The idea of the Empirical subspace detection algorithm is this: After you have the design set (a matrix with the repeat waveforms that aligned on P wave), you don't need to calculate the SVD to find the orthogonal basis like the original subspace detection algorithm, instead you calculate the stacking of the waveforms in the design set, and the time derivative of the stacked waveform. The author of the paper found that the stacked waveform is similar to the first basis vector from the SVD, and the derivative of the stacked waveform is similar to the second basis vector. For the first one, it is quite easy to understand, the first basis contains the common features of all the waveforms, that is why it is mimic the stacking of the waveforms. But why the second basis vector is similar to the derivative of the stacked signal is not that easy to see. The author claims that the second singular vector represents information related to the variations produced by slight offsets in earthquake location of the design set earthquakes.

So this forms the empirical part of this algorithm: just use stacked waveform and the time derivative of the stacked waveform in the design set to represent the first two basis vector from the SVD (No need to calculate SVD in practice).

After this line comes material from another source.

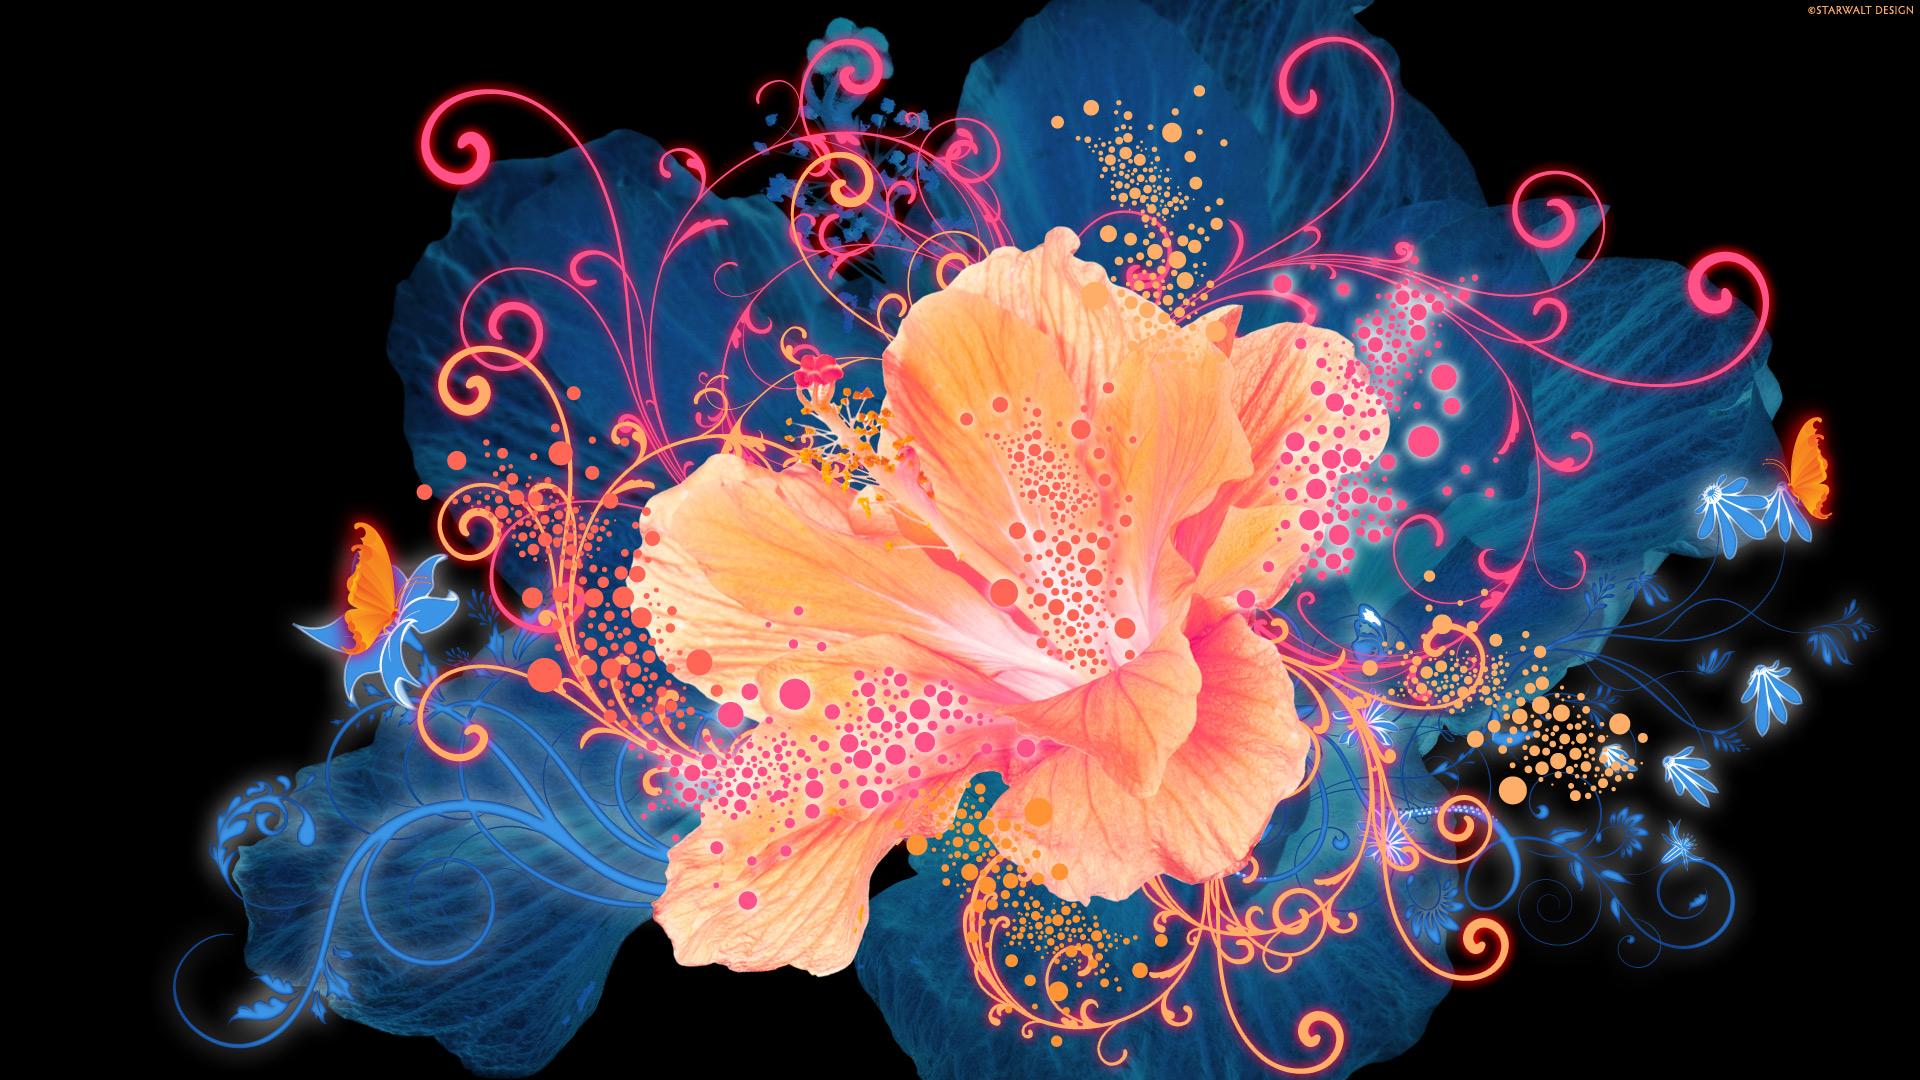 images 3d graphics flowers 1920x1080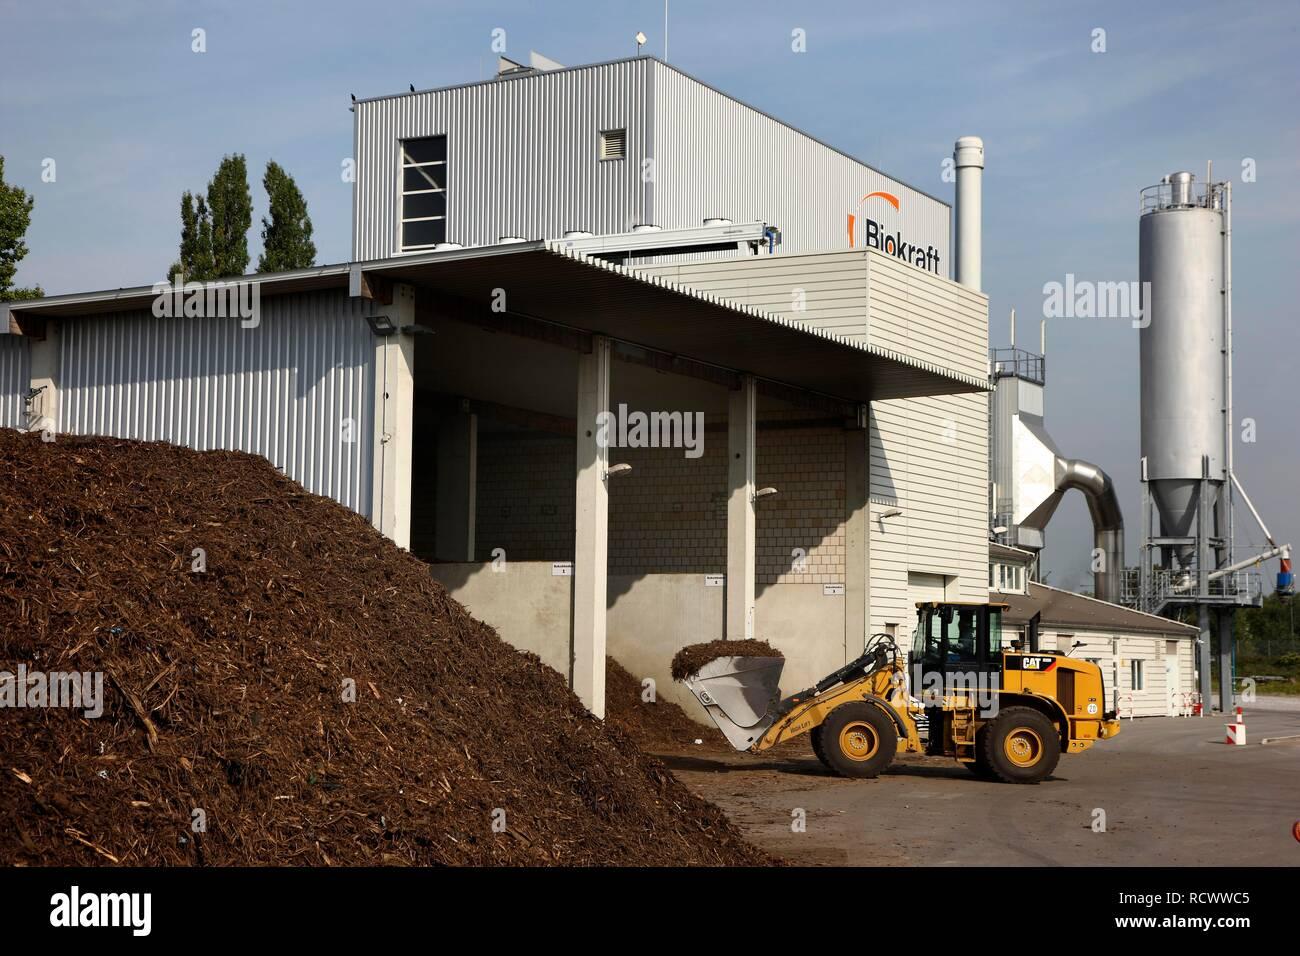 Bunker Fuel Stock Photos & Bunker Fuel Stock Images - Alamy

I went ahead to test this concept using some simulated signal, this is what I did:
(1) I generate a signal using Mexican hat wavelet, one pulse at a location to represent P wave, and the other pulse at a later location but with 2 times of the amplitude, then I add white noise in the background.
(2) I generate another 9 waveform based on the above signal but each shift the S wave a little step, (note: the first pulse are aligned to represent the P wave, and the second pulse shifted to represent the S wave shift due to the different location of the event), see the following figure as an example:

(3) I calculate the stacking of these signals, and the time derivative of the stacked signal.
(4) Then I compare the signal from step (3) with the first and second basis vector from the SVD.
(5) I plot the normalized comparison (scale the maximum amplitude to 1) in the following figures:

Conclusion: It does seem the author is correct that the stacked waveform, and the time derivative of the stacked waveform looks assemble the first two basis vector from SVD. For the derivative of the stacking, the S wave part matching with the second basis vector very well (similar results from the author's paper Fig. 4). I also tried different width of the pulse, you can find it in the code or the figures on my Github. Still I can not give a solid physical meaning why the time derivative of the stacking matches the 2nd basis vector. If you know the answer, please let me know ^)^

You can find my code to generate these figures here on my Github. The code will also generate results for different signal width of the Mexican hat wavelet to play with different frequency. Try it.

Acknowledgment: Thanks Taka for discussion, really helpful!